Jin switches the music in his MP3 player to a different soundtrack :






Then, he brings the blunderbuss to his left paw, and equips his chainsaw katana in his right paw (#Bloodborne), and quickly makes his way across the stairs as he ascends to the top.



Abyssalrider said:


> *stands next to the only door leading inside the room, just behind the hinges to ambush whoever opens it*


As Jin rushes up with his weapons readied, the man and all others inside the room start to hear even more commotion outside, though still rather far away, but this time with the addition of what sounds someone being beaten up close (with good measures for good reasons).
It appears that the guards are having some seriously bad time with this "intruder" breaking in and literally breaking them down harder than Mike Tyson in the ring.


----------



## Julen (Sep 14, 2016)

As Julen heard the commotion Jin was making he made up his mind and thought "NOPE" he knew he could fight in close range with his rifle so he ran down the tower and up to the nearest barrack.
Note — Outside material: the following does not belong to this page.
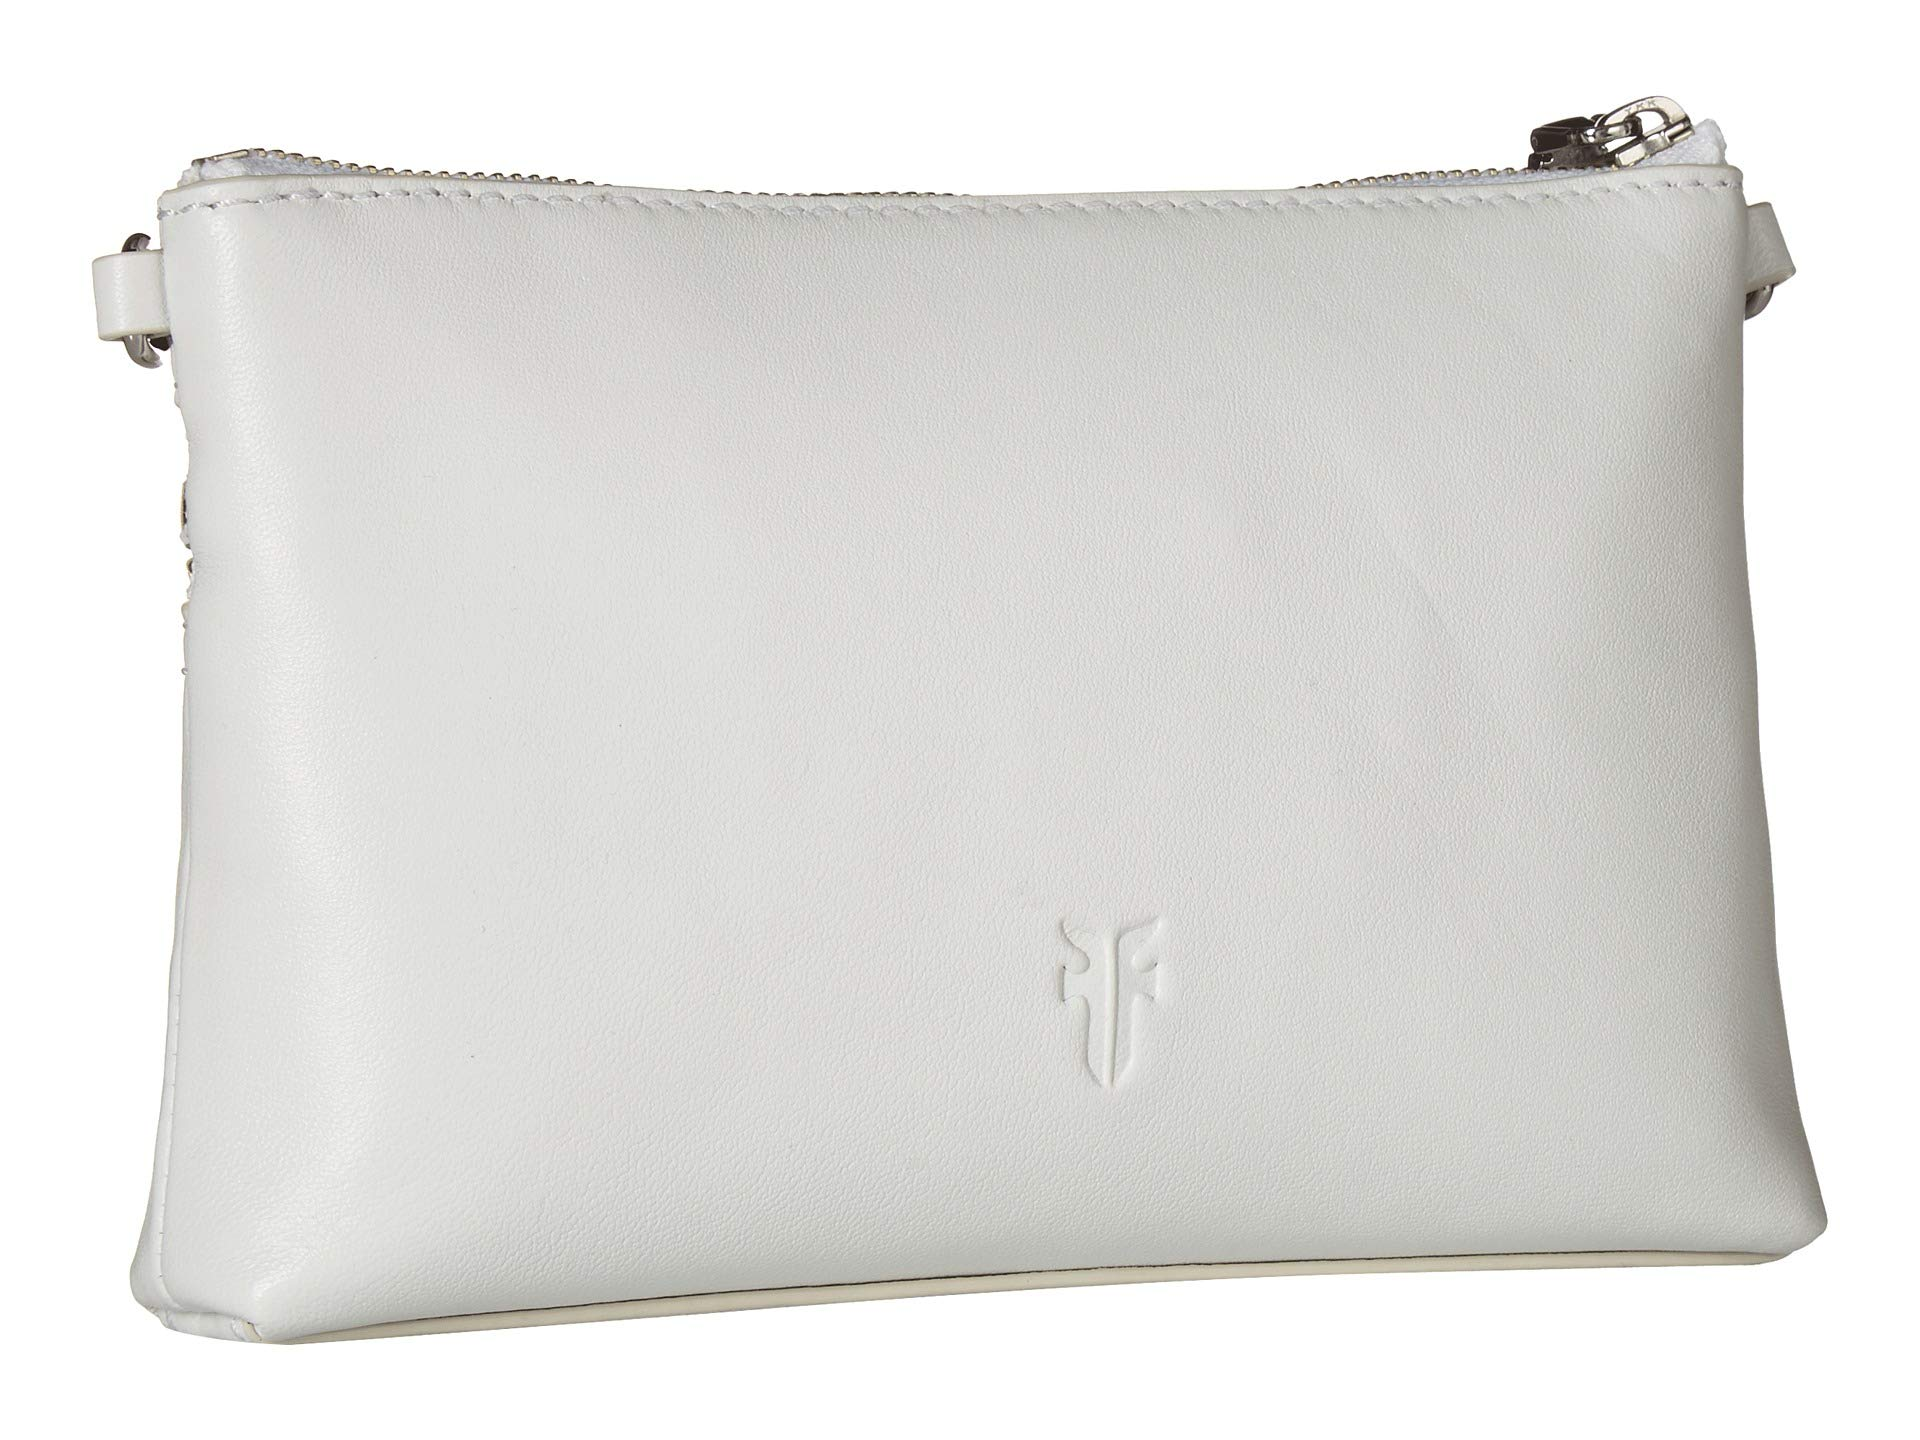 White Crossbody Zip Lambskin Soft Lena Wristlet Frye 5aIqEw5

He then he hidded in the shadows, trying to be as quiet as possible.


----------



## Jin-Lust-4-Sin (Sep 14, 2016)

Julen said:


> "NOPE"


----------



## Julen (Sep 14, 2016)

Jin-Lust-4-Sin said:


>


(#TRIGGERED)


----------



## Azrion/Zhalo (Sep 14, 2016)

Jin-Lust-4-Sin said:


> - YOU get a bullet, and YOU get a bullet, EVERYBODY GETS A BULLET !!!


----------



## Jin-Lust-4-Sin (Sep 14, 2016)

The hallway is covered with blood, bullet shells and blasted holes all over the place, as Jin presses the attacks with his blunderbuss, with obviously zero intent to hold back the aggression.
After the "temporary" massacre, with the area turning to a phase of irking and eerie dead silence, Jin hammers the ears of the wolf skull on his blunderbuss again, before licking the blood off the "mouths" of his cleaver, followed by a smirk in his own definition of "satisfaction" and "pleasant".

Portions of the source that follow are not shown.